Хозяин поставил пузырек с чернилами на маленький столик с изогнутыми ножками, прибрал на этом столике разбросанные бумаги, сложил их в одну стопку и лишь после этого обернулся, снова скользнув быстрым взглядом, сказал:
— Проходи. Чай будем пить и думу станем думать. Подрядились мы с тобой, братец, на опасные делишки, и думать нам крепко надобно, чтоб головенки целыми остались. Да ты проходи, не стой у порога.
Вот так и свела судьба, хитрая и своенравная баба, Цезаря с Бориской, который, как оказалось, давно уже служил в английской торговой компании, но до последнего времени служба его заключалась лишь в том, что он отправлял в столицу сведения о ценах на разные товары да отписывал — в каких количествах эти самые товары в сибирских городах продаются, какой месячный да годовой оборот получается. Писал и писал, пока не подоспело странное и опасное предложение, на которое он согласился, не сильно долго раздумывая. А чего, спрашивается, было раздумывать?

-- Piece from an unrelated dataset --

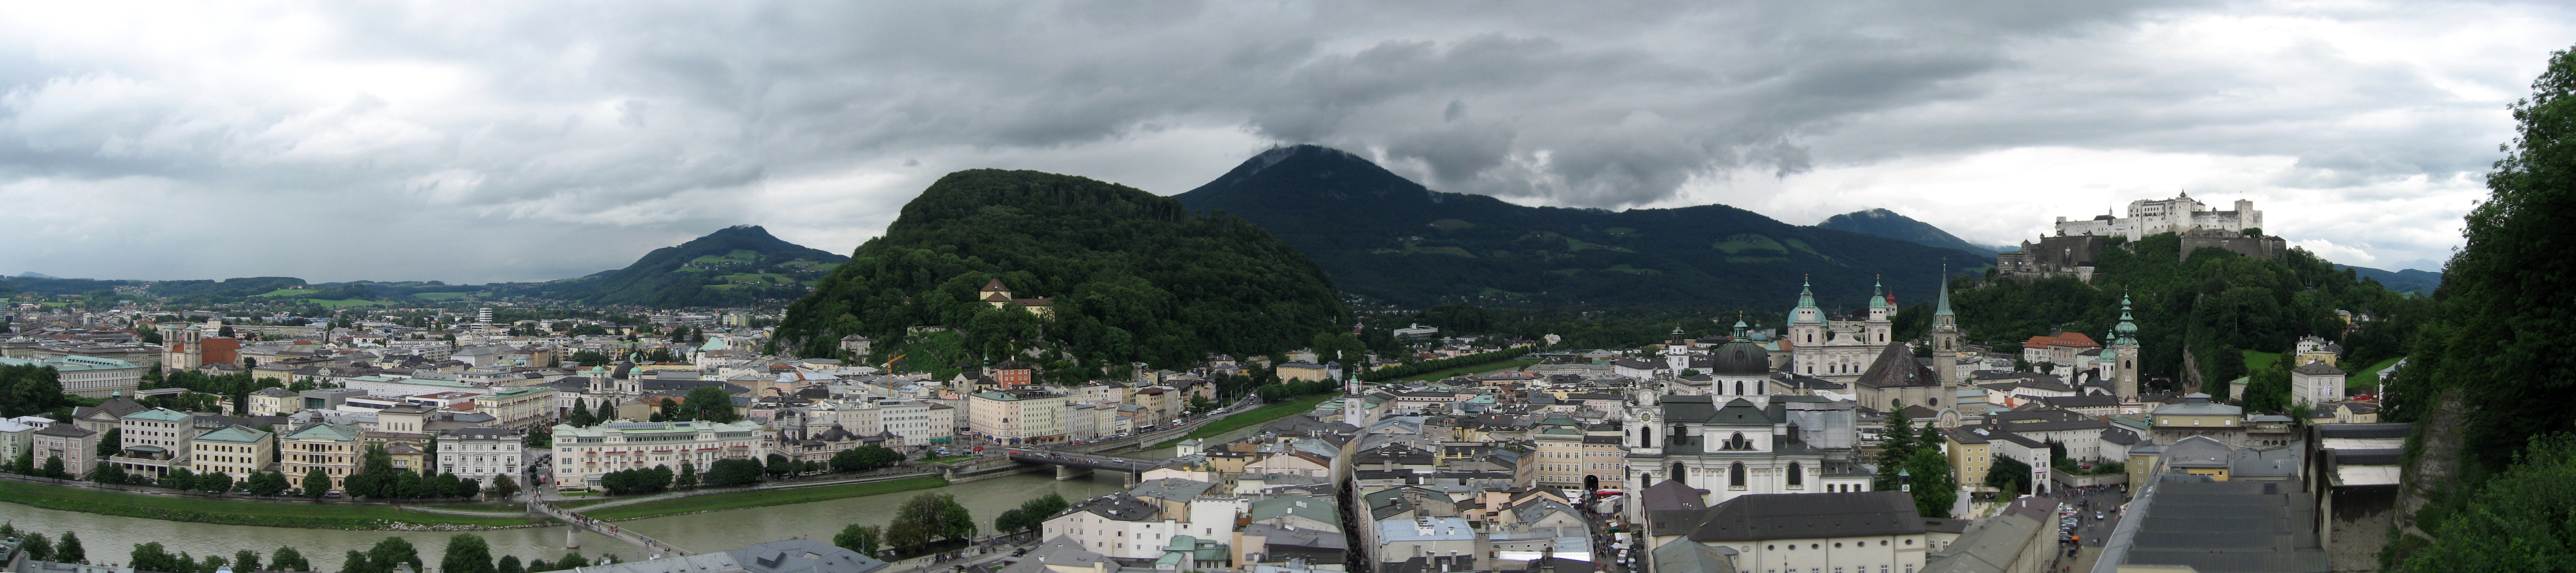 Salzburg Altstadt Panorama.jpg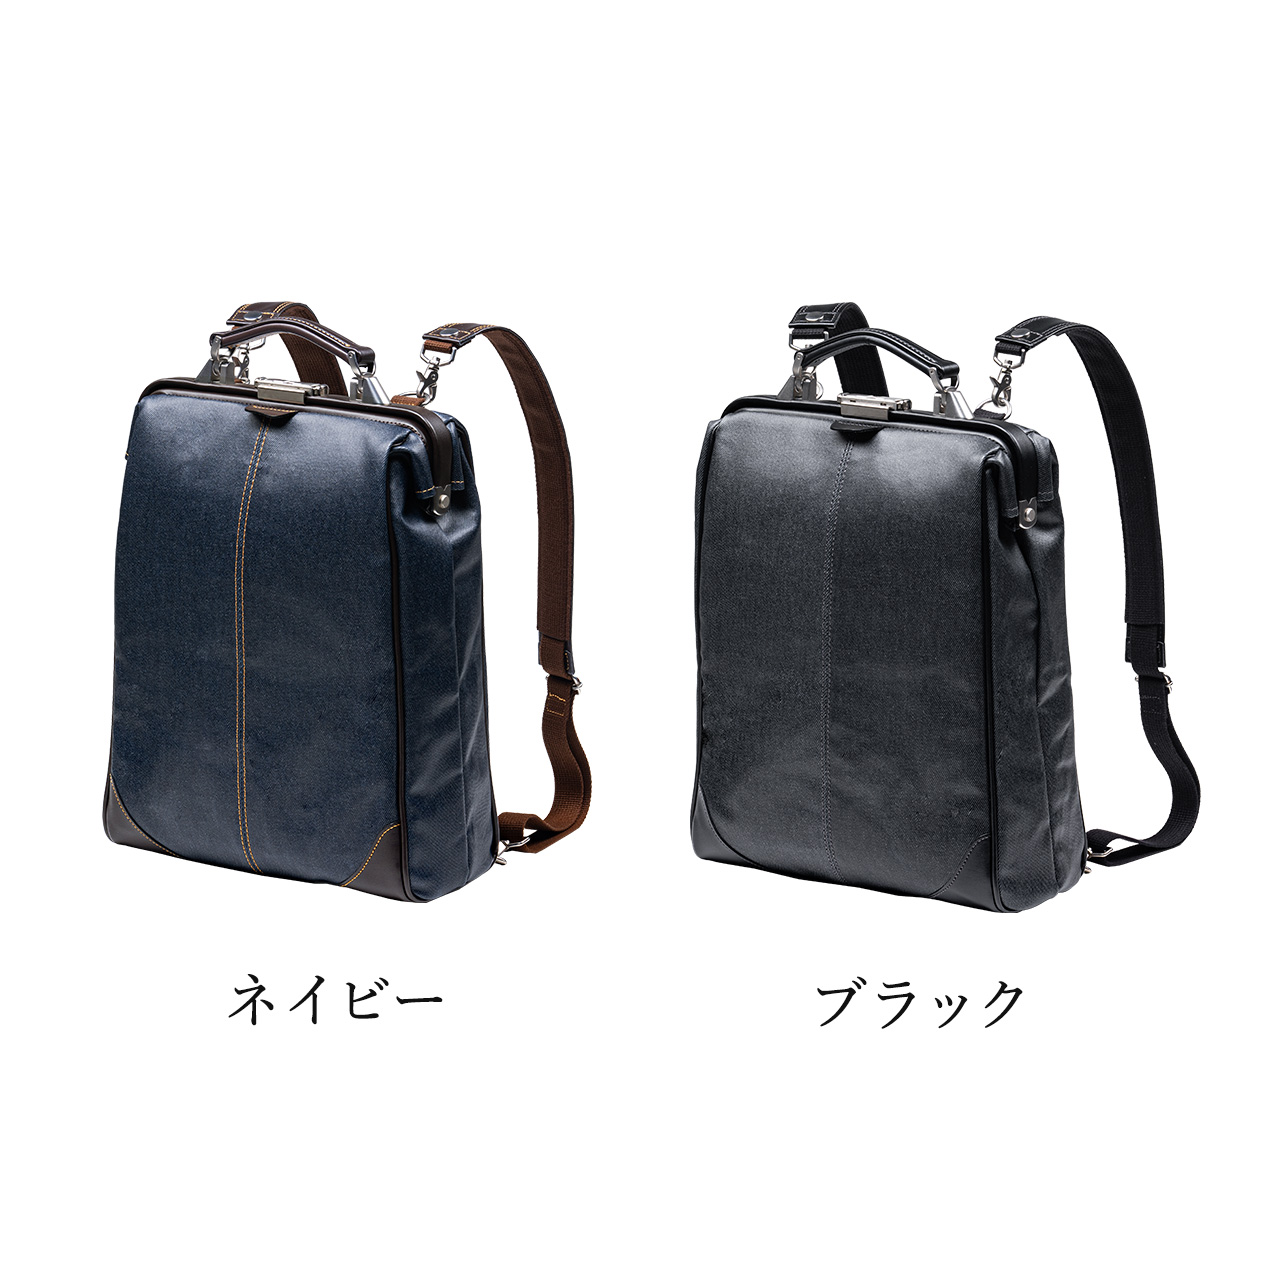 ダレスバッグ メンズ ビジネスバッグ ビジネスリュック 豊岡鞄 日本製 簡易防水 耐水 本革 3WAY 鍵付 縦型 40代 50代 ビジネスバック  200-BAG148

Жизнь у Бориса Чернухина, поповского сына, складывалась пестрая и запутанная, как моток тонкой веревки, над которым сколько ни маракуй, а все равно концов не найдешь. Правда, со временем, по отдельным разговорам и нечаянным воспоминаниям, Цезарь узнал понемногу о прошлой жизни Бориски, как он сам себя называл, но знание это было ему совершенно ненужно, потому что в нынешней жизни он прикипел к нему, как оловянная спайка — накрепко. Никогда не имелось у Цезаря такого друга-наставника и, похоже, никогда не будет — два раза подряд судьба такие богатые подарки не выдает.
Был Бориска последышем в большой поповской семье — пятым по счету. Приход, в котором служил его батюшка, находился на отшибе, в глуши, и, само собой разумеется, особых доходов не приносил, довольствовались малым — не голодали, и слава Богу. Едва Бориска начал ходить, как постигло его несчастье — свалился в открытый голбец, ударился спиной, едва отходили. Но со временем с ужасом увидели родители, что растет у сына горбик. Лечить пытались, всякие снадобья привязывали — не исчезал горбик. Смирились матушка с батюшкой, приняв несчастье, не роптали и отправили его, когда подрос, послушником в монастырь, решив, что лучшей доли, чем монашеская ряса, ему и желать не надо.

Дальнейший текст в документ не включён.